The Greeks considered hubris to be the greatest crime because it always involves some sort of outrageous act, some egregious ripping of the fabric of human decency. In Spitzer’s case we have a man of enormous power who bragged about steamrolling his opponents who now has been brought down by his own iniquity. That is always the end of hubris. It is a self-destructive sin.
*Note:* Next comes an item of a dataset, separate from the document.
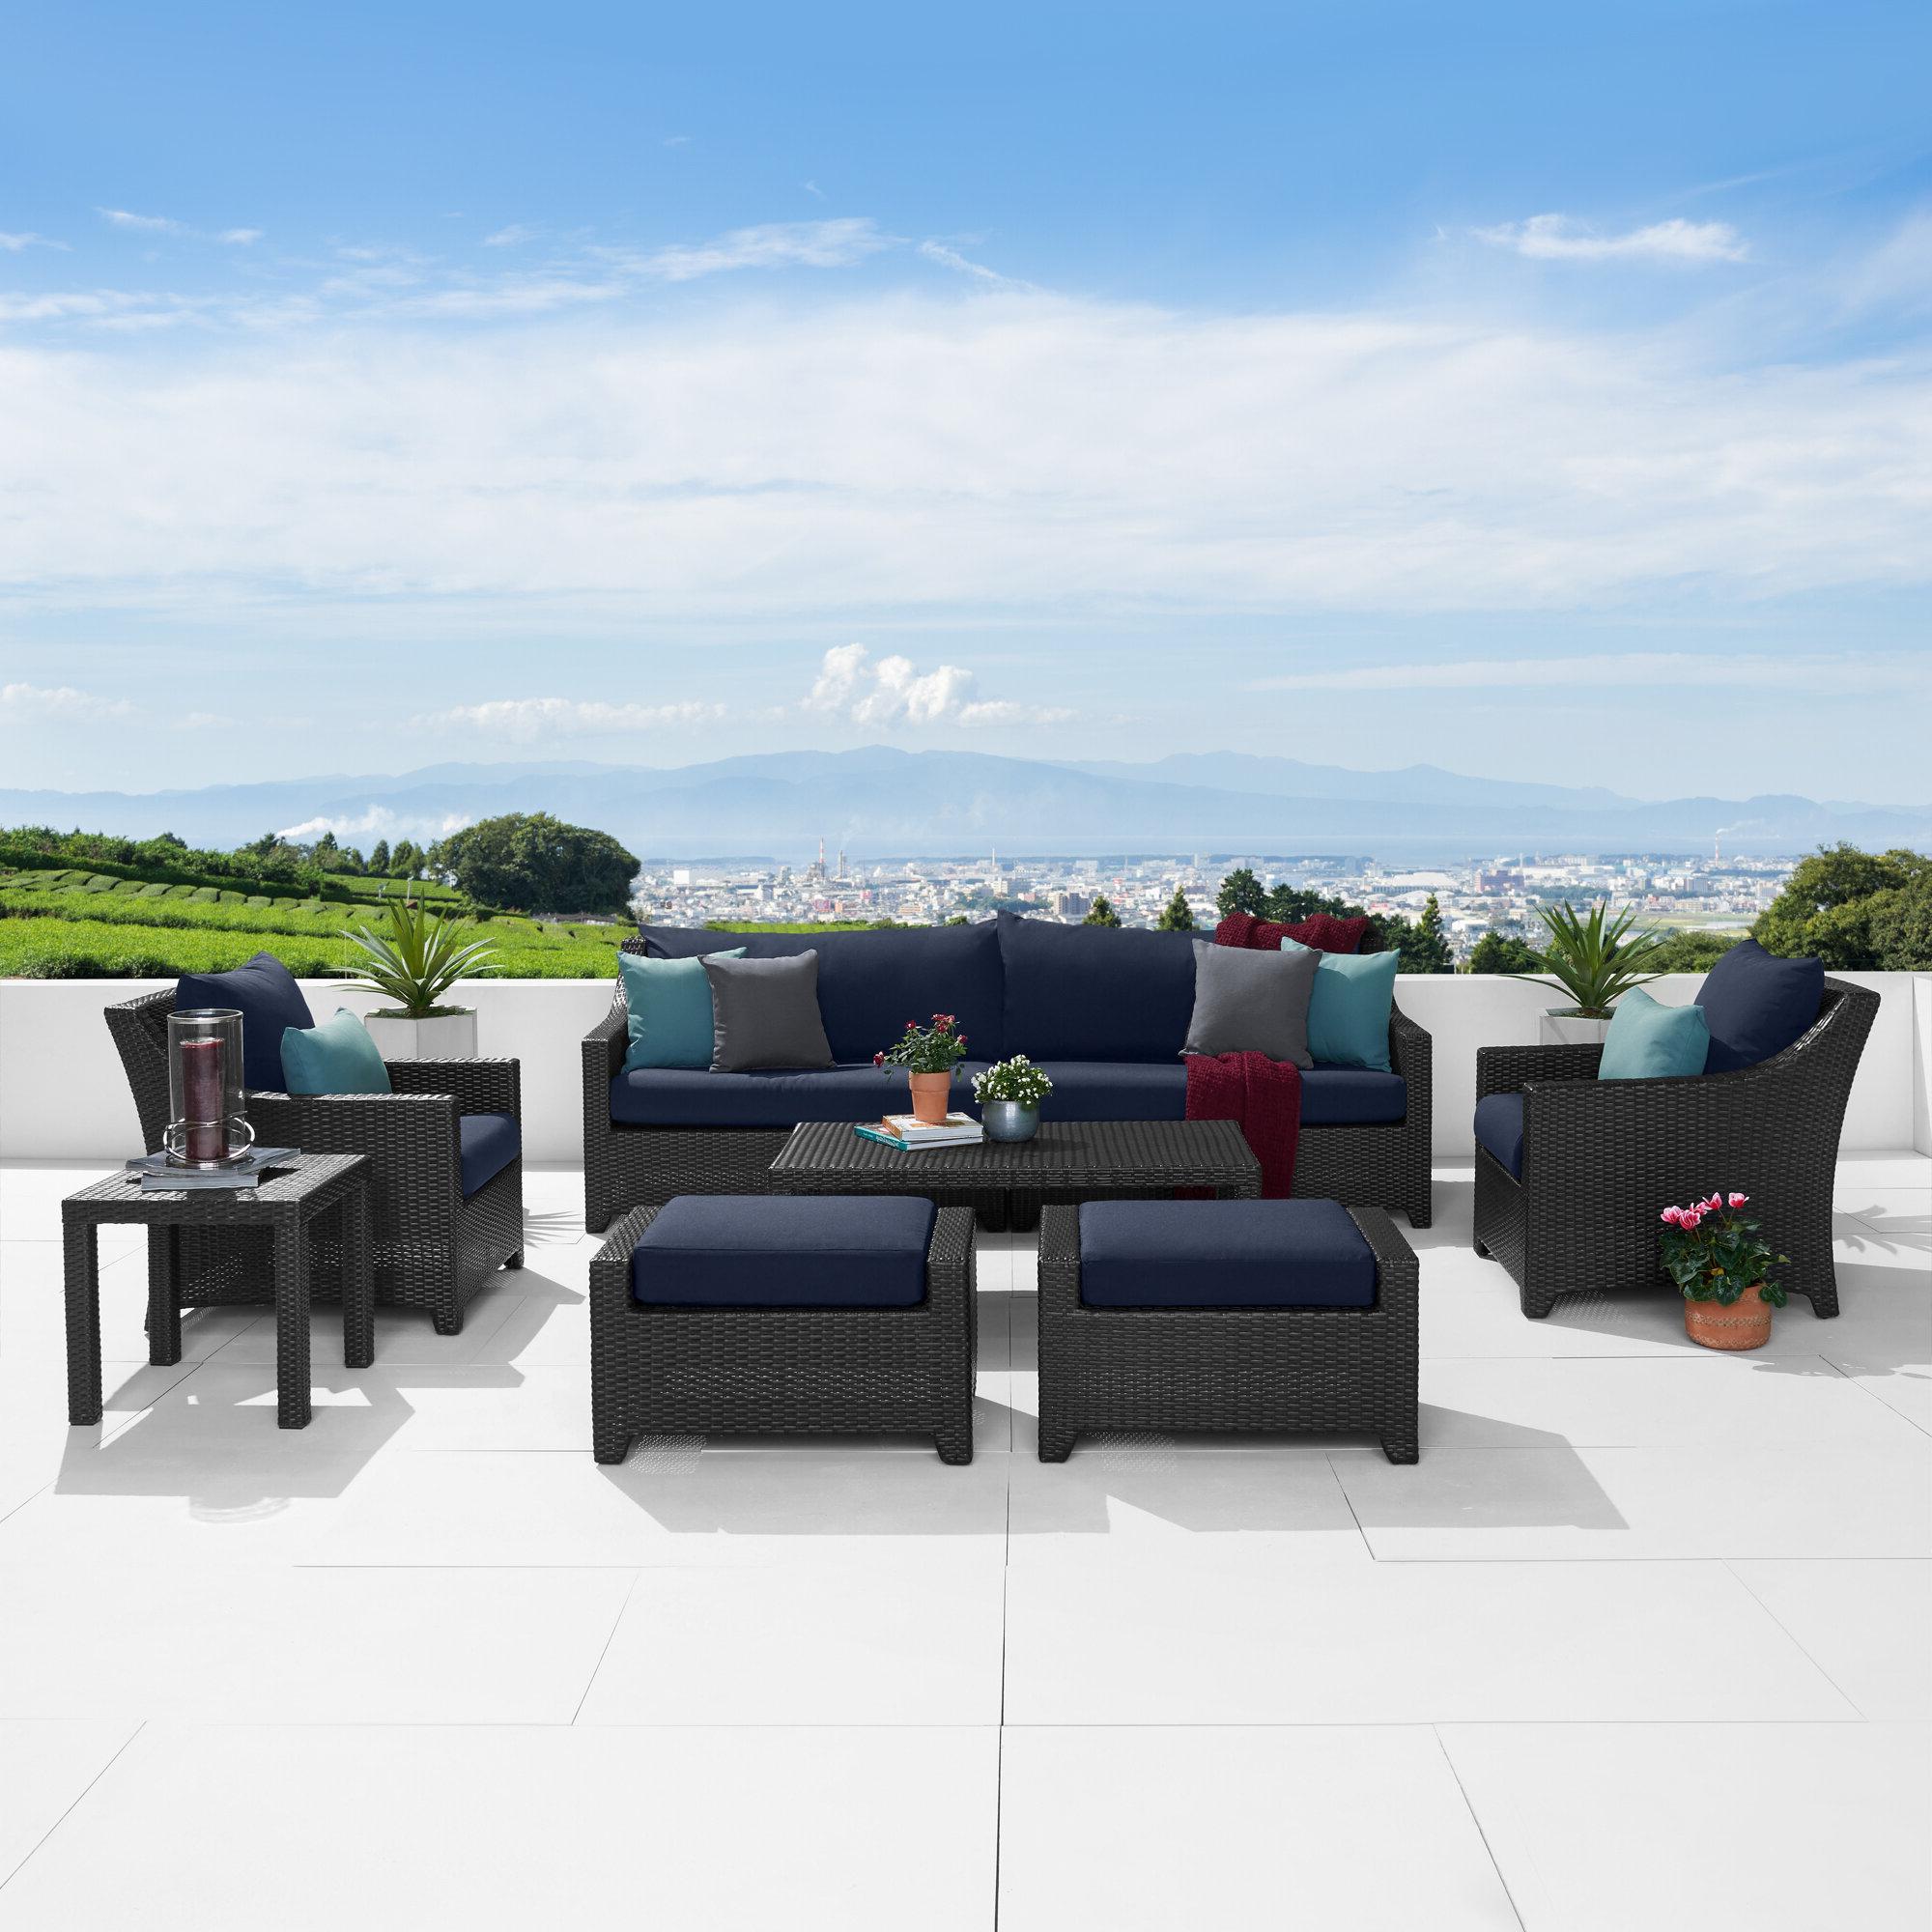 Fashionable Northridge 8 Piece Sofa Seating Group With Sunbrella Cushions With Regard To Northridge Patio Sofas With Sunbrella Cushions (View 3 of 20)

It has also been pointed out that hubris is often found in the mighty and powerful among us. While that is true, I wonder if that is not a way to let the rest of us off the hook. After all, I’m never likely to be in a similar position–or maybe I will be, who knows?–but you can’t count on it. I got some help on this from Dennis Miller, the comedian, former Monday Night Football commentator, and now radio talk show host, during a recent interview with Bill O’Reilly. Mr. O’Reilly said that it happens all the time that famous people can’t handle fame, and he pointed to John Belushi and Heath Ledger. Miller responded instantly that it wasn’t really a product of fame but seems to be a human problem that we all face. Whenever we achieve anything in life, the very fact of success (small or large) reveals to us the holes within our soul that we otherwise cover up. Success in any field can be debilitating because we know we don’t really deserve it. That sense of inner emptiness can lead us to make choices–sometimes very stupid and dangerous choices–that result in our own destruction.
If we look at Eliot Spitzer and think, “He got what he deserved,” we’re right. If we think that we would never do anything like that, we’re fooling ourselves, and we may be worse off than him because we haven’t learned anything from his sudden, shocking fall.